OK, this is the only one on the list that you might not already be able to identify easily. In fact, you’re probably going to screw it up a few times and eat some clover. But that’s OK, because clover is totally innocuous, it’s just not very tasty. You can identify wood sorrel by the three leaves that grow off of each slender stem; each leaf is heart-shaped, divided down the middle. A patch of wood sorrel will often be studded with small flowers that are usually star-shaped, with five petals that may be white, yellow, or even a shade of pink. Wood sorrel is mildly sour in taste (in a good way, most people agree) and is often even known as “sour grass.” Eat wood sorrel raw, ideally mixed with a plateful of dandelion greens and a bread made from cattail pollen. Also, ideally, you’d have some beer with you.
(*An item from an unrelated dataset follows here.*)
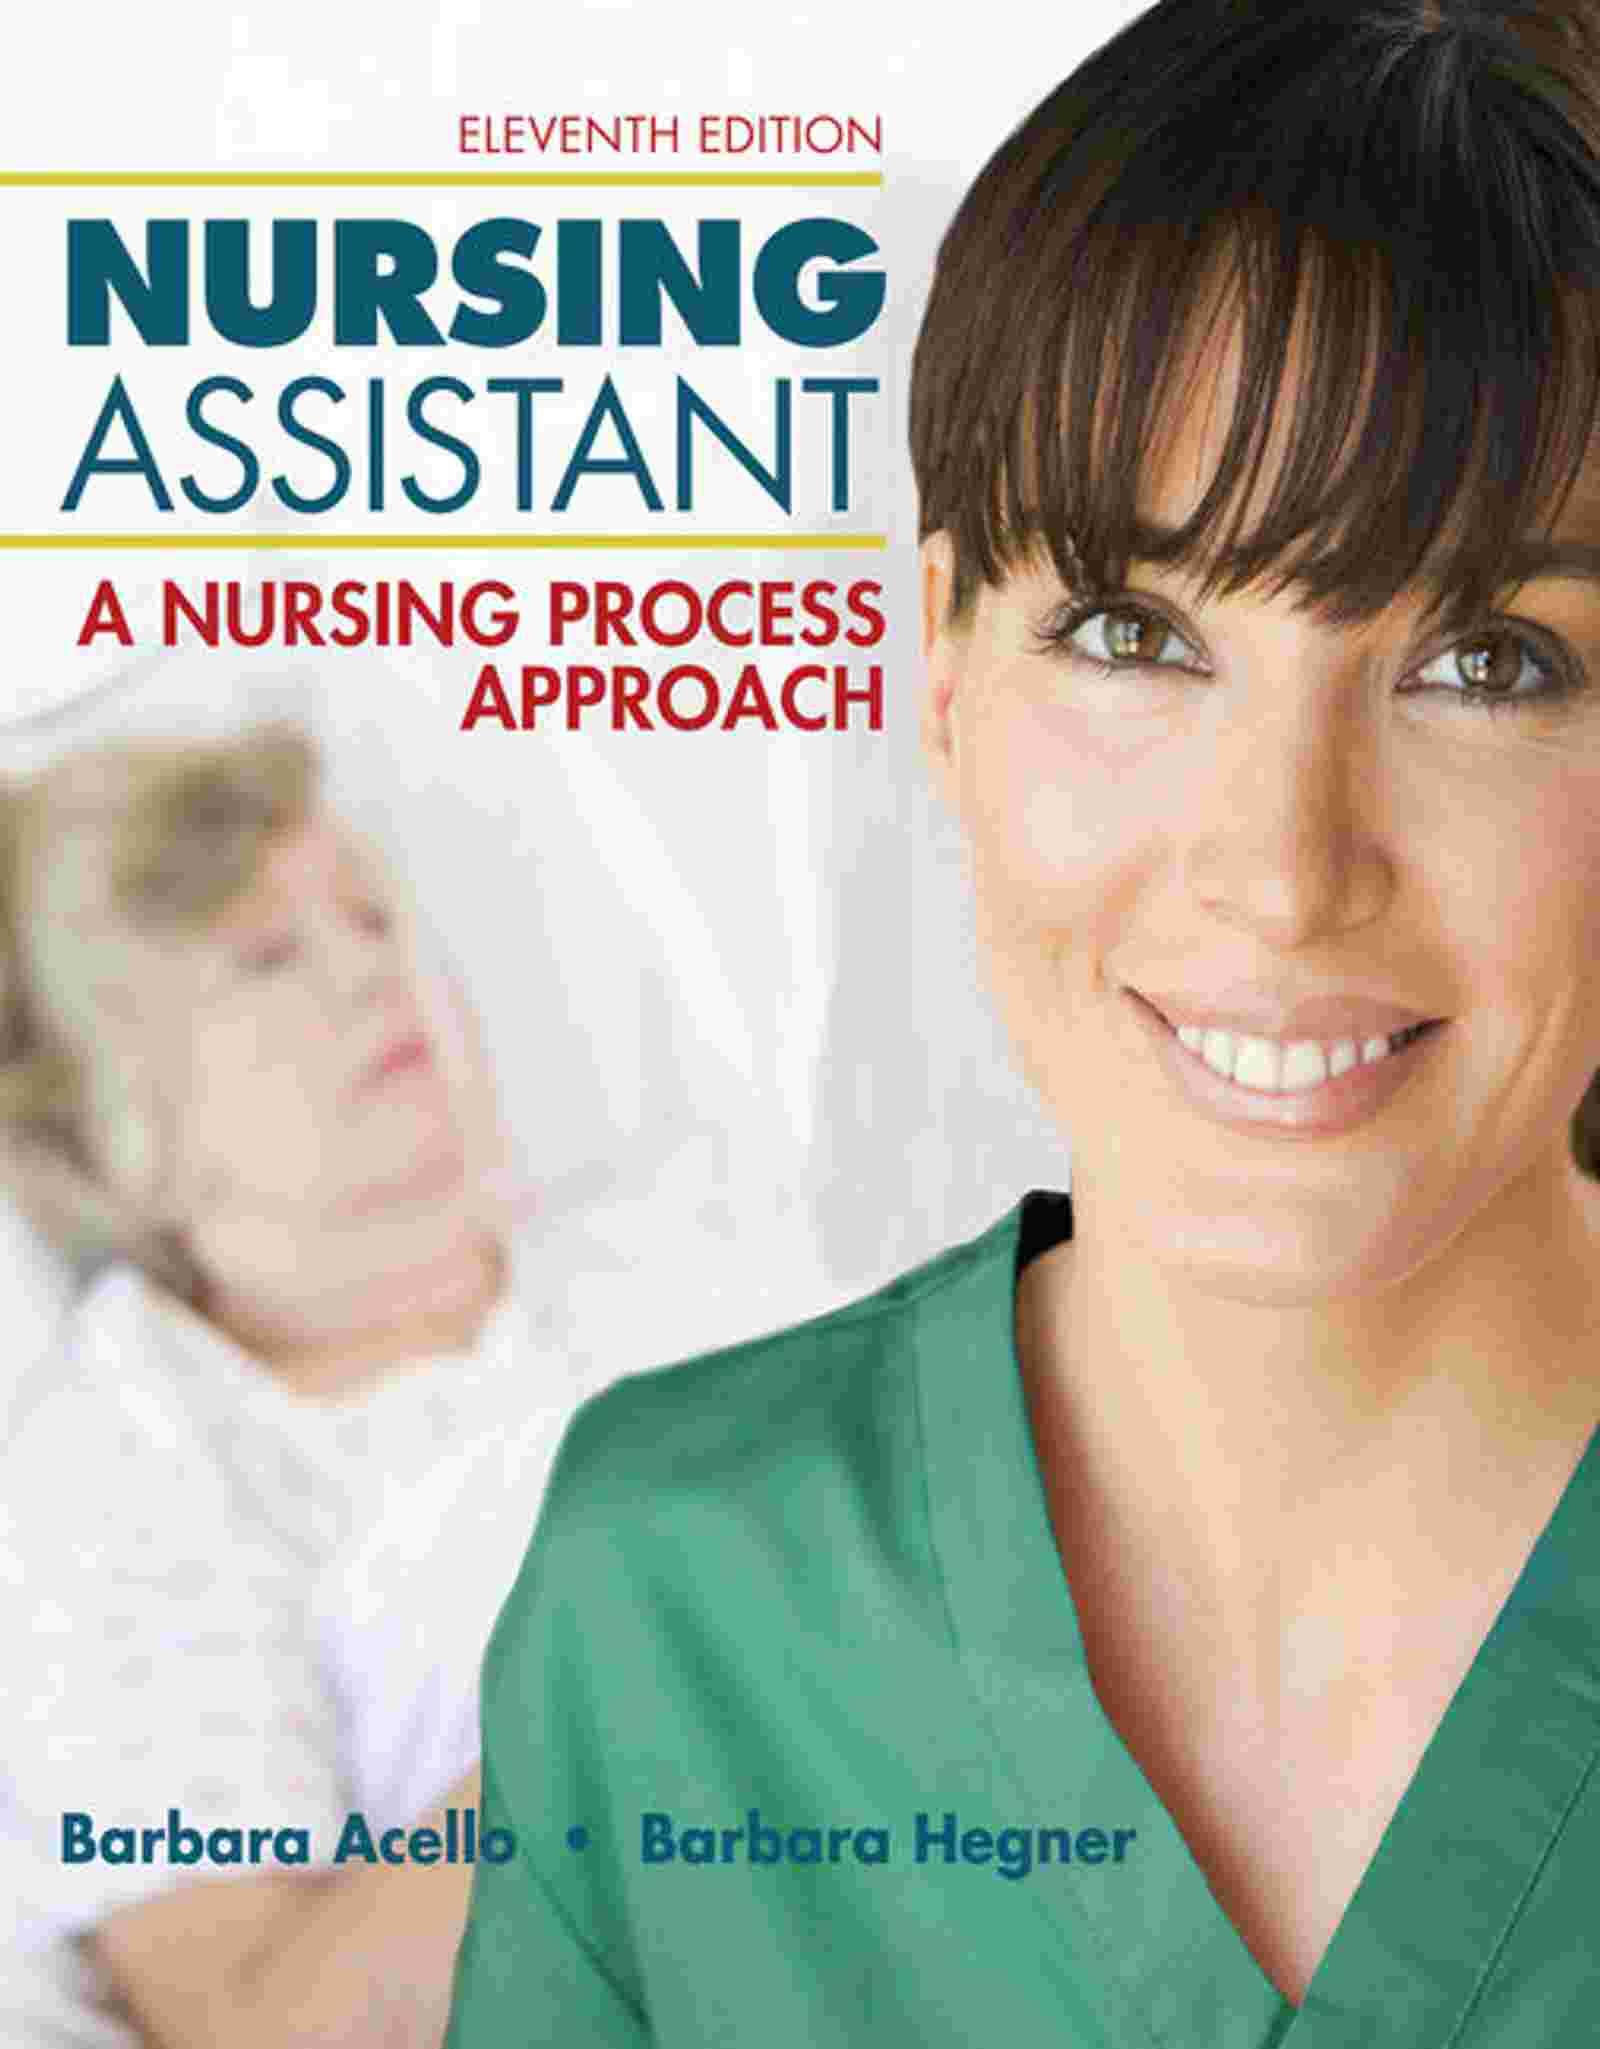 Nursing Assistant: A Nursing Process Approach, 11th Edition

It’s pretty easy to identify most berries you know well from the grocery store or farmer’s market when you come across them in the wild. If you’re pretty sure you found a blueberry or blackberry bush, give a smell, then a tiny nibble. If your tastebuds confirm what your eyes suspected, dig in! If not, stop eating.

And hey, don’t eat wild mushrooms. Unless you are 100% sure of what you’re about to ingest, just don’t do it. The majority of the world’s mushrooms are considered inedible. They might make you sick, and they won’t be digested for nutrients. About a quarter of the mushrooms on earth may give you a bit of nutrition, but will taste horrid. Fewer than five percent are considered tasty (by some) and nutritious. The rest will sicken or kill you. So just don’t eat ’em, man. They are fungus, after all.